Description

Given a set of intervals, for each of the interval i, check if there exists an interval j whose start point is bigger than or equal to the end point of the interval i, which can be called that j is on the "right" of i.

For any interval i, you need to store the minimum interval j's index, which means that the interval j has the minimum start point to build the "right" relationship for interval i. If the interval j doesn't exist, store -1 for the interval i. Finally, you need output the stored value of each interval as an array.

Note:

1. You may assume the interval's end point is always bigger than its start point.
2. You may assume none of these intervals have the same start point.

Example 1:

Input: [ [1,2] ]

Output: [-1]

Explanation: There is only one interval in the collection, so it outputs -1.

Example 2:

Input: [ [3,4], [2,3], [1,2] ]

Output: [-1, 0, 1]

Explanation: There is no satisfied "right" interval for [3,4].
For [2,3], the interval [3,4] has minimum-"right" start point;
For [1,2], the interval [2,3] has minimum-"right" start point.

Example 3:

Input: [ [1,4], [2,3], [3,4] ]

Output: [-1, 2, -1]

Explanation: There is no satisfied "right" interval for [1,4] and [3,4].
For [2,3], the interval [3,4] has minimum-"right" start point.

Solution

Binary search, time O(n * logn), space O(n)

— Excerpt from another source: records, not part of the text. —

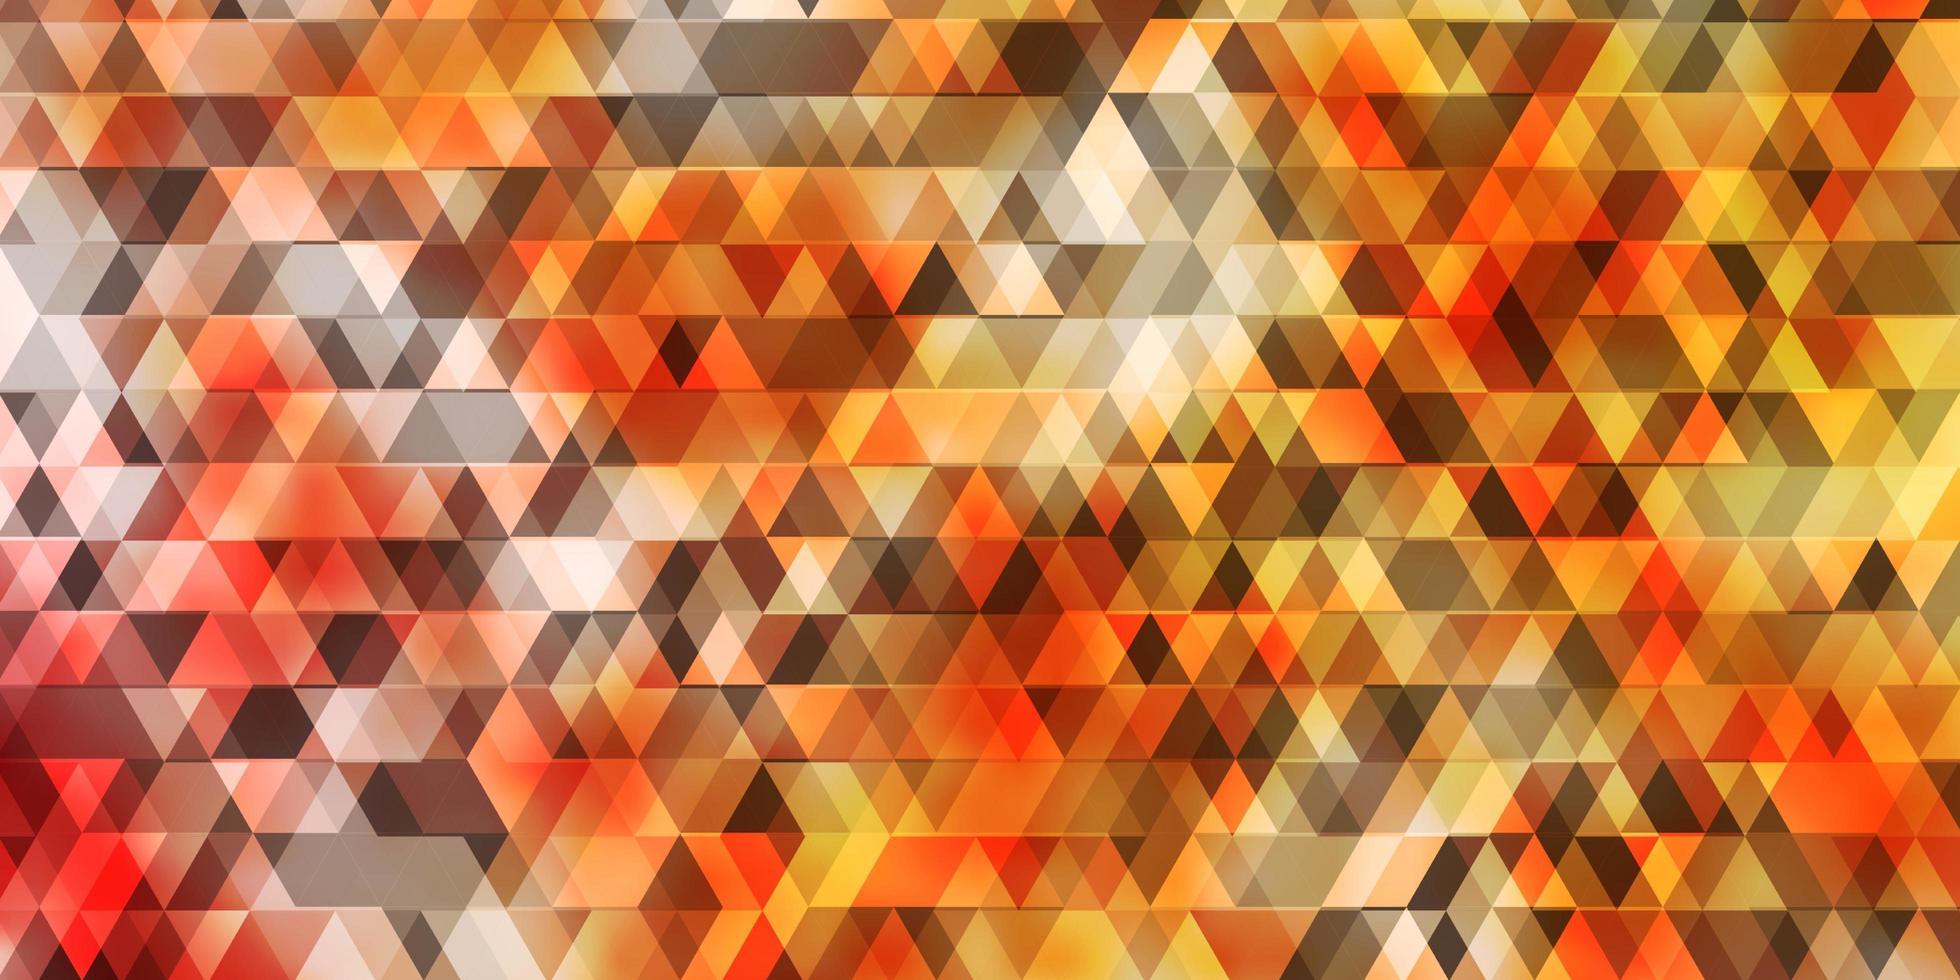 Fondo de vector naranja claro con líneas, triángulos.
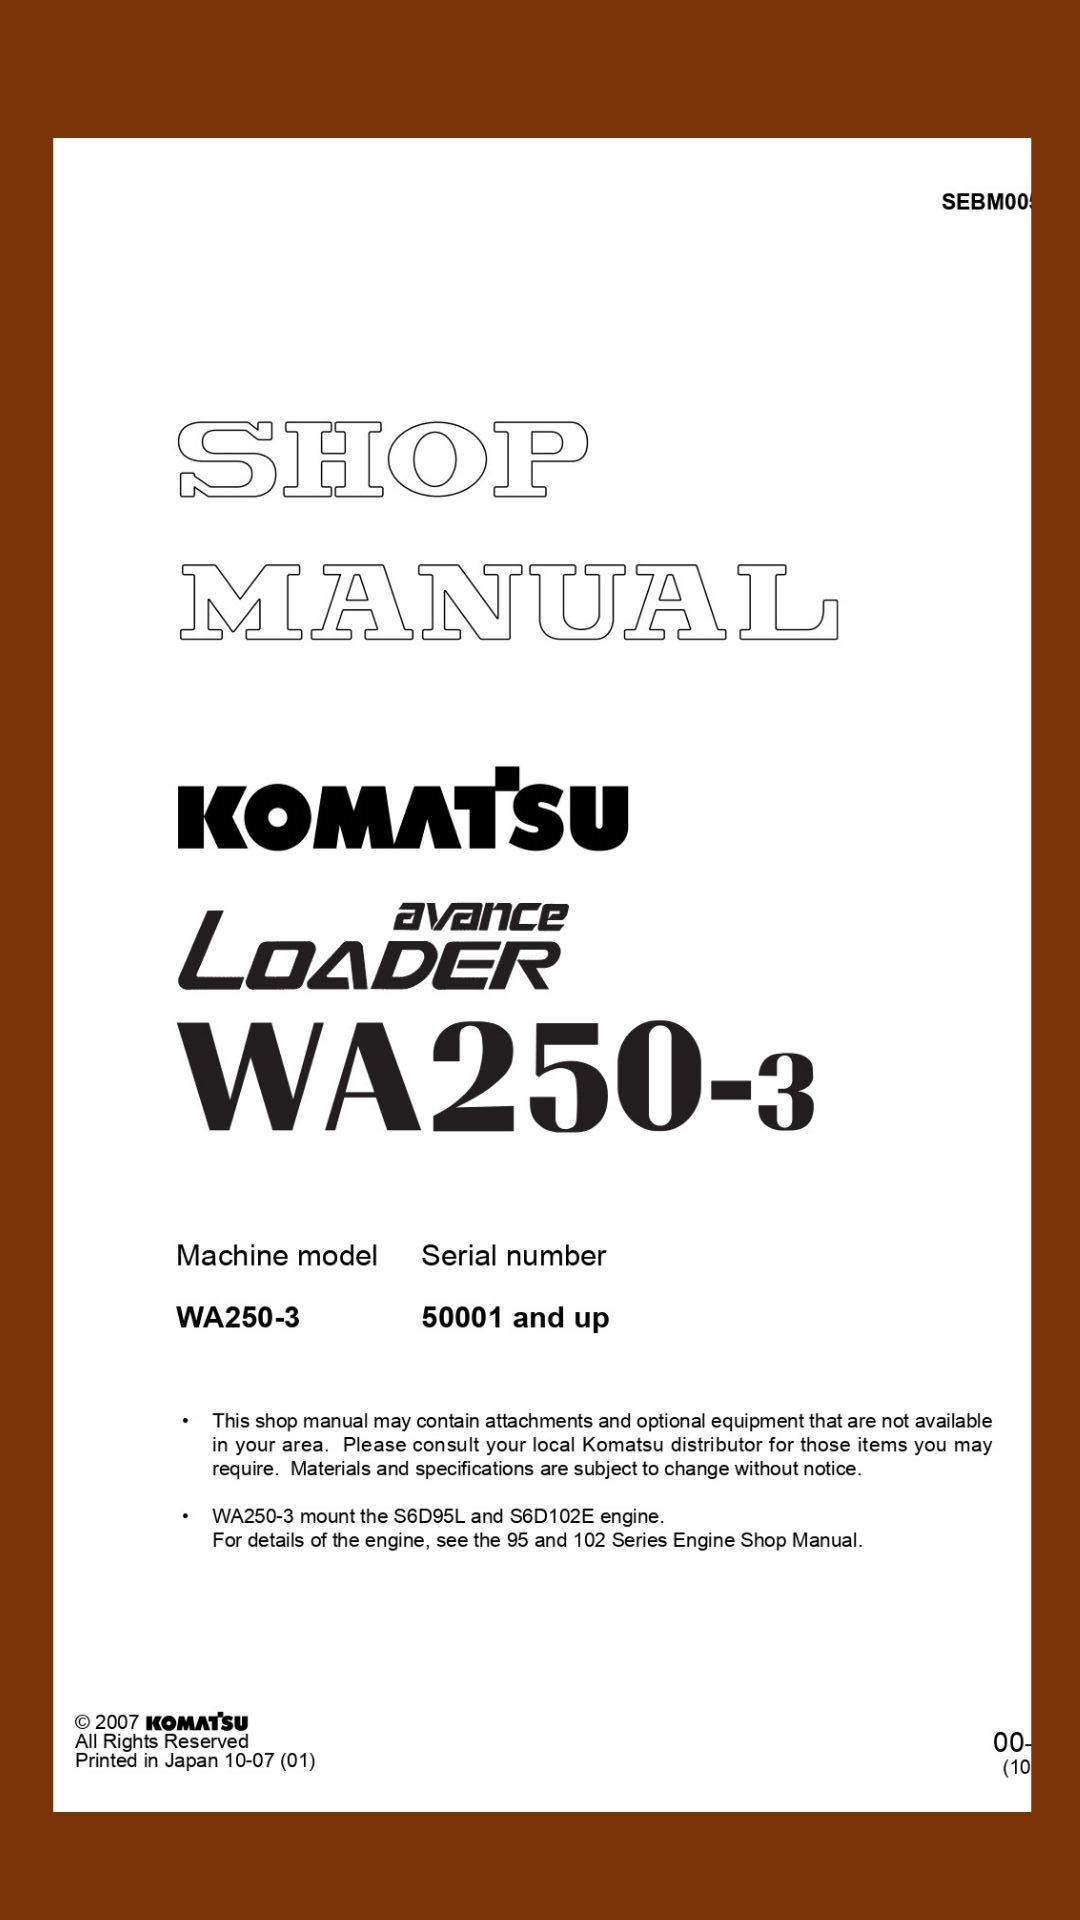 Komatsu Shop manual WA250-3
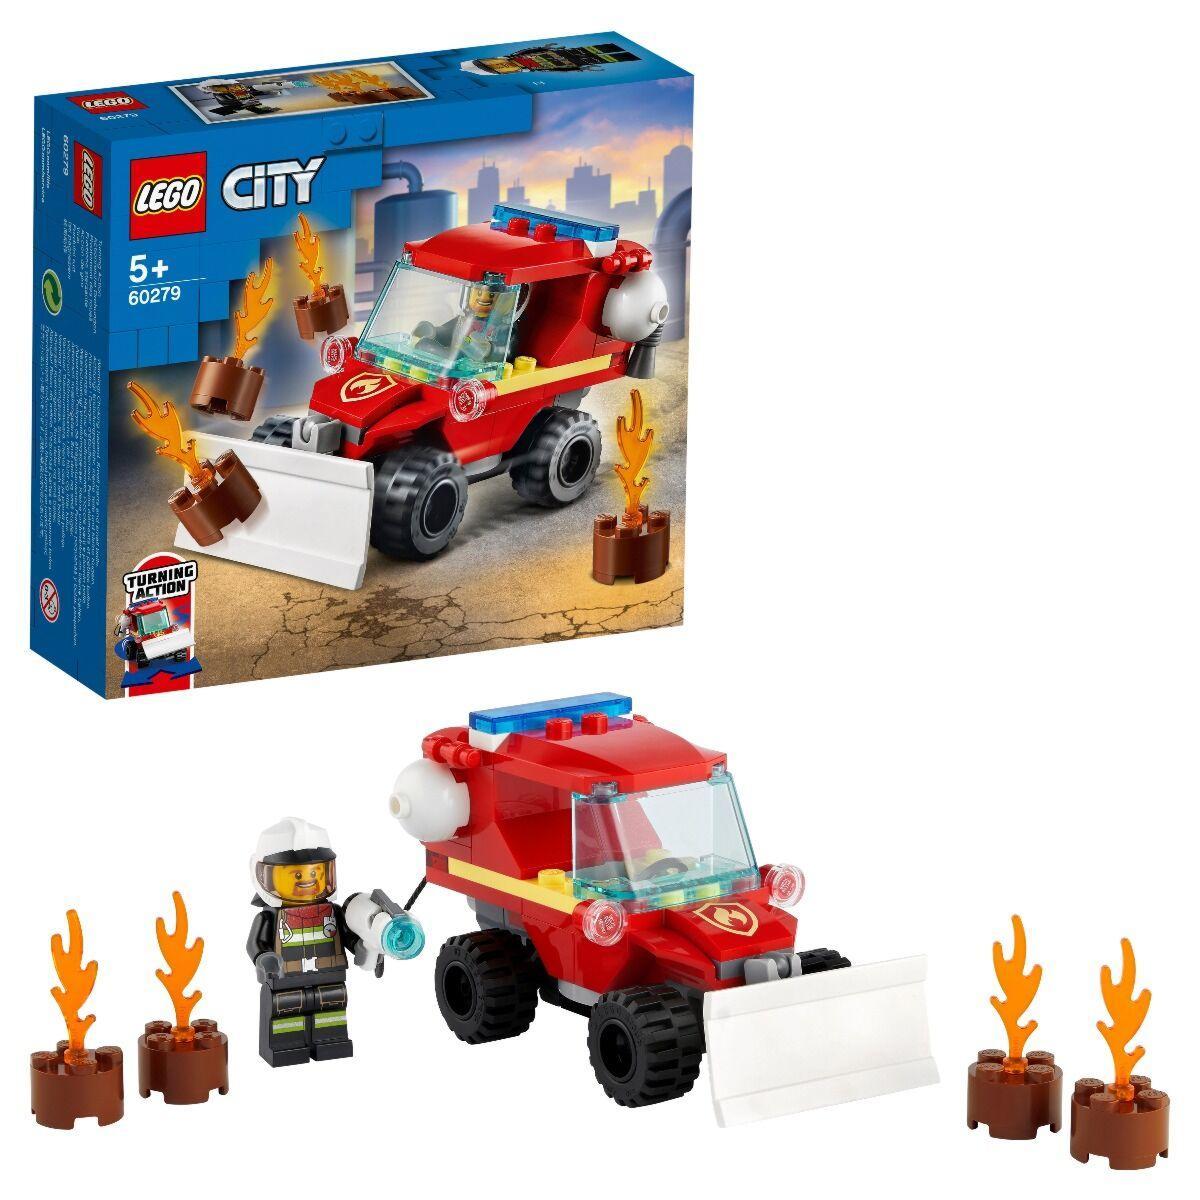 LEGO: Пожарный автомобиль CITY 60279
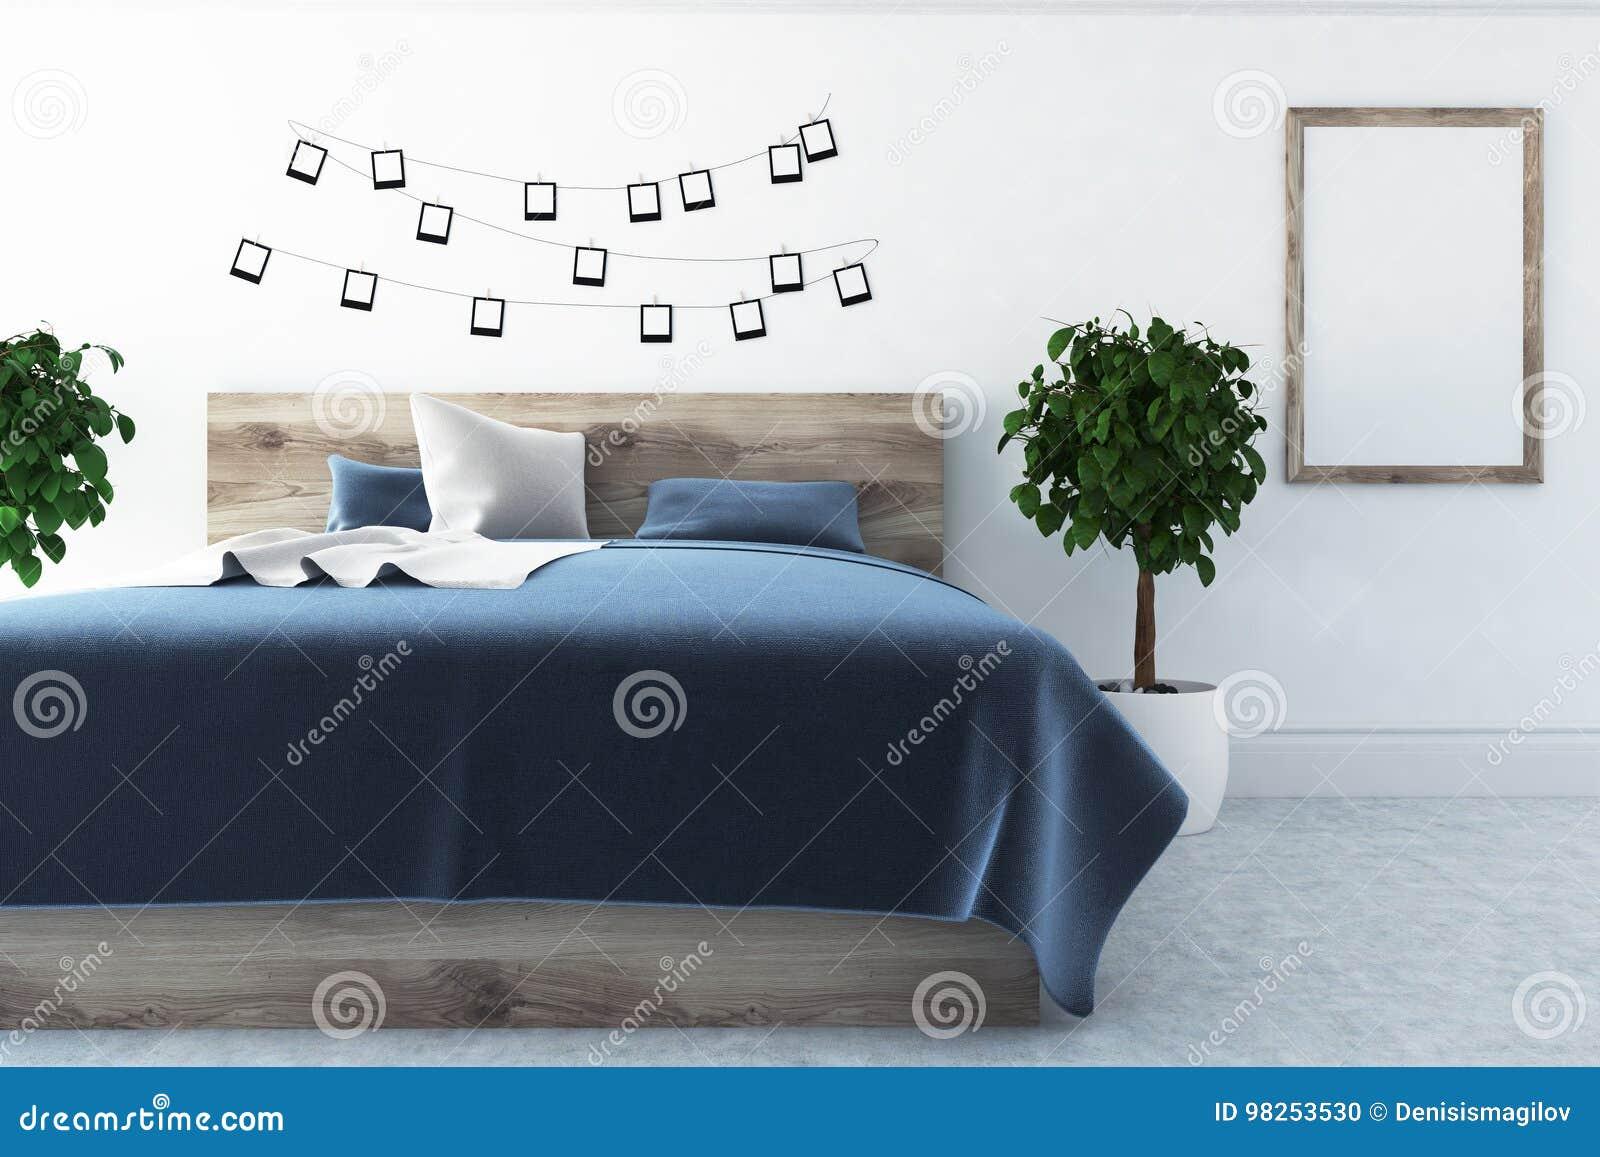 Biała Sypialnia Galeria Zdjęć Ilustracji Ilustracja

按照start进行排序，并保留原始index。然后二分搜索first index equal or larger than target.

/**
 * Definition for an interval.
 * public class Interval {
 *     int start;
 *     int end;
 *     Interval() { start = 0; end = 0; }
 *     Interval(int s, int e) { start = s; end = e; }
 * }
 */
class Solution {
    public int[] findRightInterval(Interval[] intervals) {
        int n = intervals.length;
        List<int[]> startToIndex = new ArrayList<>();
        for (int i = 0; i < n; ++i) {
            int[] a = new int[2];
            a[0] = intervals[i].start;
            a[1] = i;
            startToIndex.add(a);
        }
        
        Collections.sort(startToIndex, new Comparator<int[]>() {
            public int compare(int[] a, int[] b) {
                return a[0] - b[0];
            } 
        });
        
        int[] res = new int[n];
        for (int i = 0; i < n; ++i) {
            res[i] = search(startToIndex, intervals[i].end);
        }
        
        return res;
    }
    
    public int search(List<int[]> nums, int target) {
        int left = 0;
        int right = nums.size() - 1;
        
        while (left <= right) {
            int mid = left + (right - left) / 2;
            
            if (target > nums.get(mid)[0]) {
                left = mid + 1;
            } else {
                right = mid - 1;
            }
        }
        
        return (left < 0 || left >= nums.size()) ? -1 : nums.get(left)[1];
    }
}